明日から、銅版画15点による「ハインリッヒ・フォーゲラー展」を開催します。
ホームページに15点の出品リストと図版を掲載していますが、あまり写りの良い写真ではありません。ホームページ担当のスタッフが来週半ばまで出張で、差し替えは来週後半になります。実物はとても綺麗ですのでご安心ください。
2010年2月23日[火]―3月6日[土]まで会期中無休ですのでぜひご来場ください。
1872年にブレーメンに生まれたフォーゲラーは、1894年にヴォルプスヴェーデに定住し、自然を舞台とした童話のような世界を装飾的に創造します。
その作品は1910(明治43)年に日本にいち早く紹介され、文芸雑誌『白樺』に特集が組まれ、表紙や裏表紙、扉を飾りました。
日本に将来されてからちょうど100年。
ときの忘れものでは、三度目の正直となるか、念願の「ハインリッヒ・フォーゲラー展」です。
フォーゲラーはセガンティーニとともに亭主が若い頃憧れた作家で、いつか展覧会をしたいと密かに思っていました。海外から少しづつ買い集めてきたのですが、いかんせん貧乏画廊の悲しさ、個展を開くに足るほどの点数は集まらない。

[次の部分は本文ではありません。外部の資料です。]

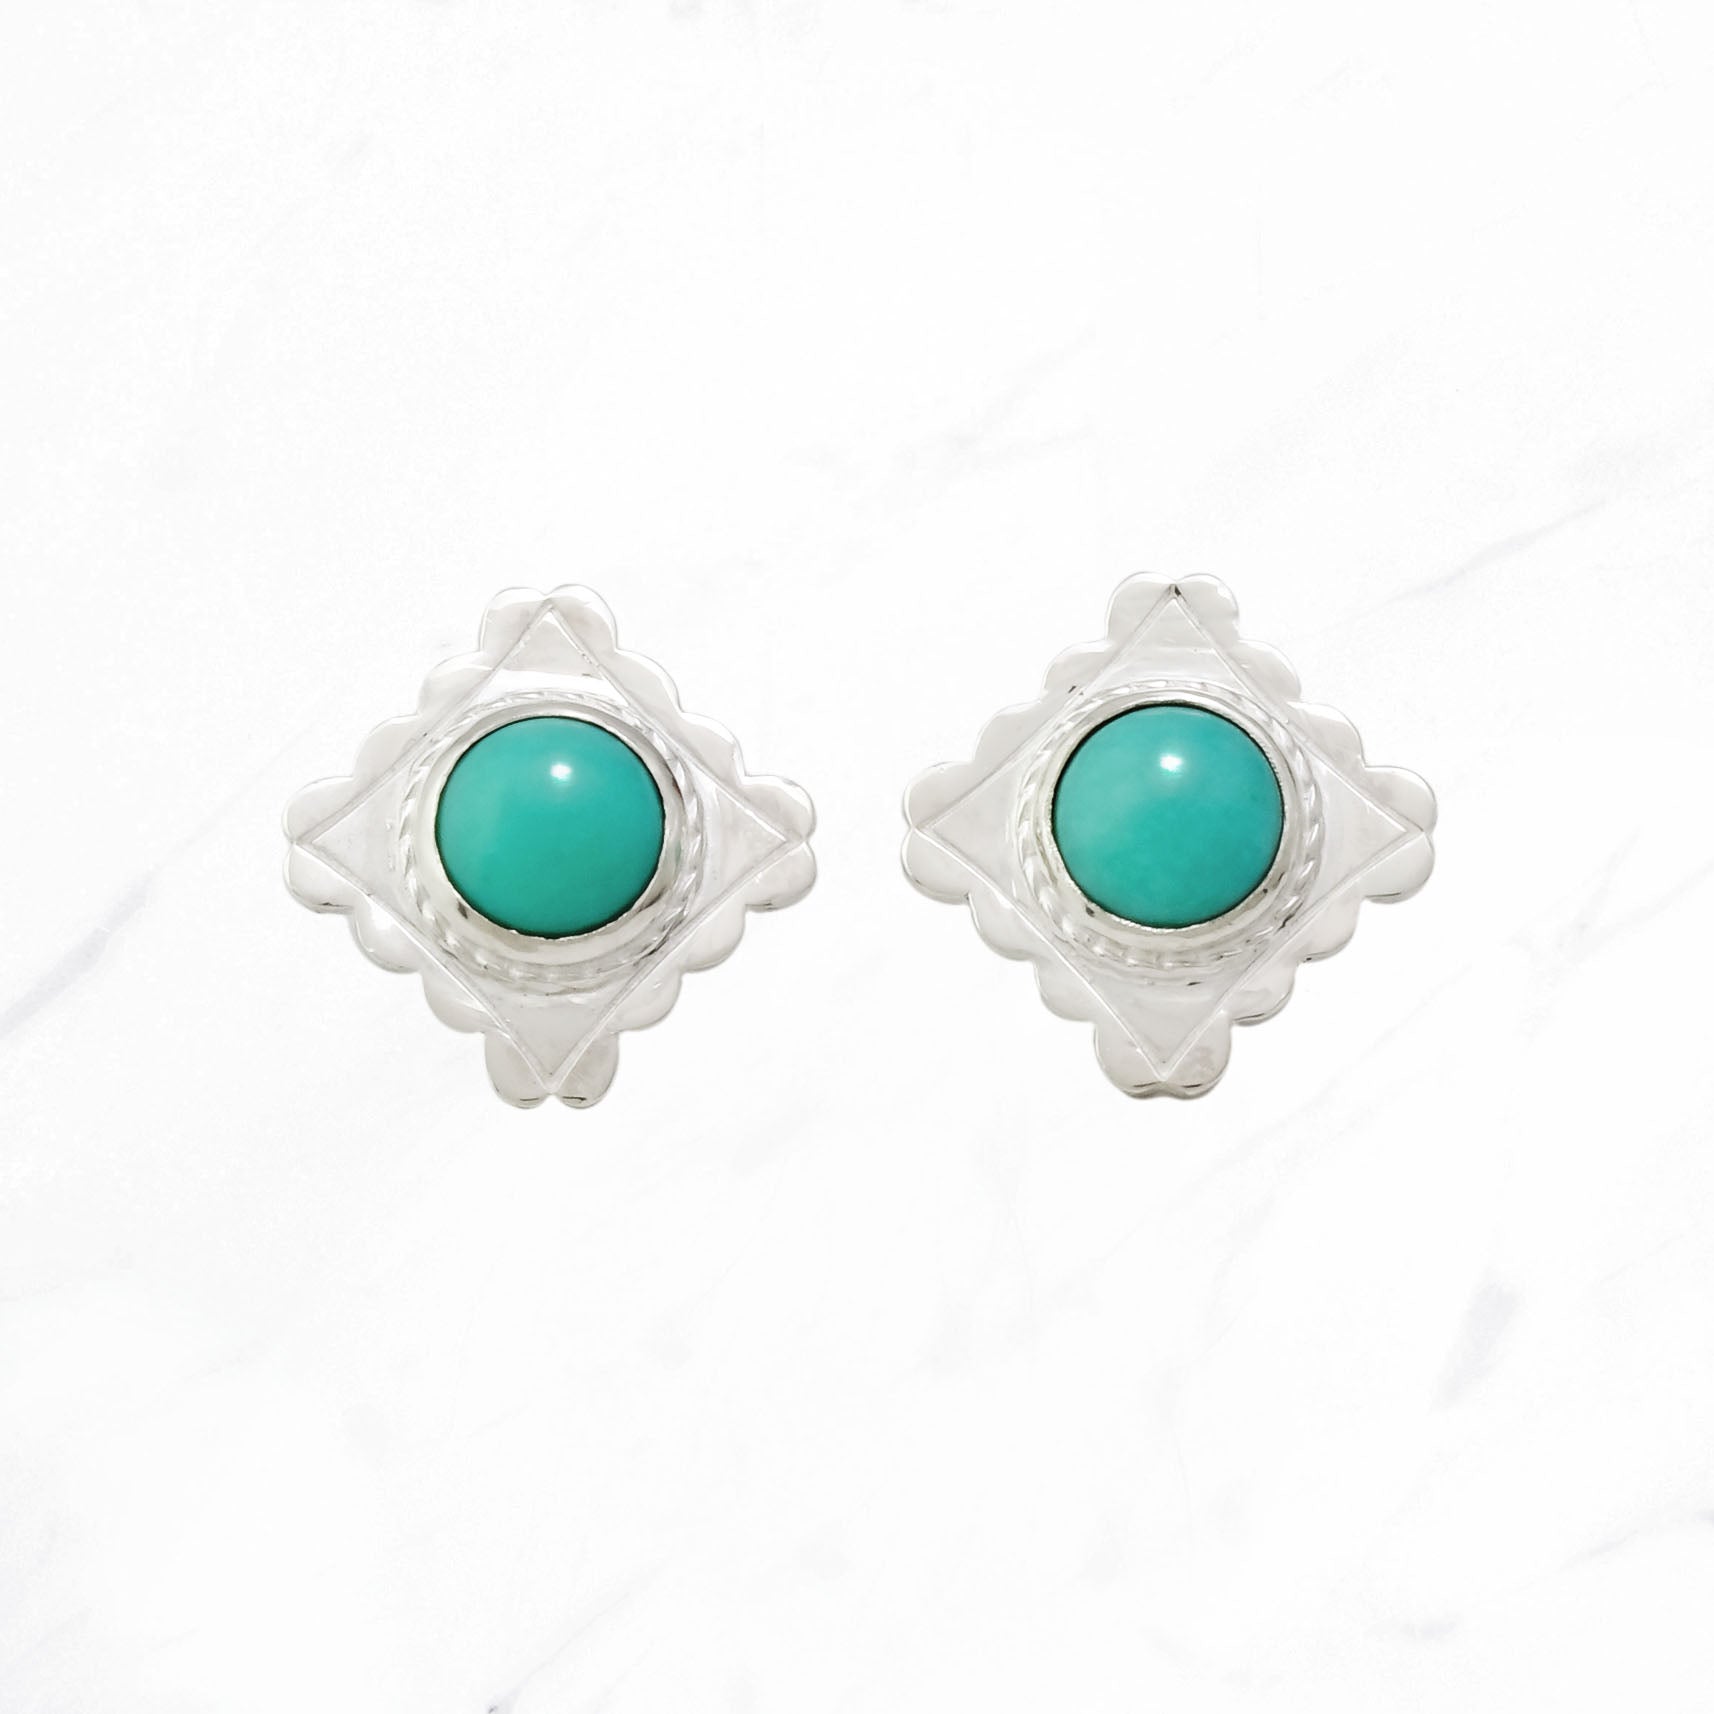 Silver Scalloped Trim Earrings (Turquoise)

ですから2006年と2007年に開いた二回の展覧会もフォーゲラーとその仲間や、同時代の作家たちとのアンソロジーでした。
敬愛する北川太一先生(高村光太郎記念会)の口癖は、
「いいものは必ずいつか評価される、なんてのは嘘です。ほっとけば全て忘れ去られてしまう。誰かがその価値を評価し次の時代に伝えていく努力をしなければなりません。」
「この世には時の流れが公平な判断をもたらす前に消えてしまうものがいくらでもある。」(水村美苗、『辻邦生・水村美苗 手紙、栞を添えて』より)
私たち画商は自らの生い立ちが育んでくれた価値観の中で美しいと思ったものを、誰よりも先に買い、値段をつけ、売ることが商売の原点です。いくつになっても学ぶことは必要ですが、感動もしない今流行りの作品を追いかける気はありません。
いつかはフォーゲラーだけで個展をーそれも代表作を網羅したーと夢想はしていたのですが、その願いが通じたのか、昨年のある日、あるコレクターからメールが送られてきました。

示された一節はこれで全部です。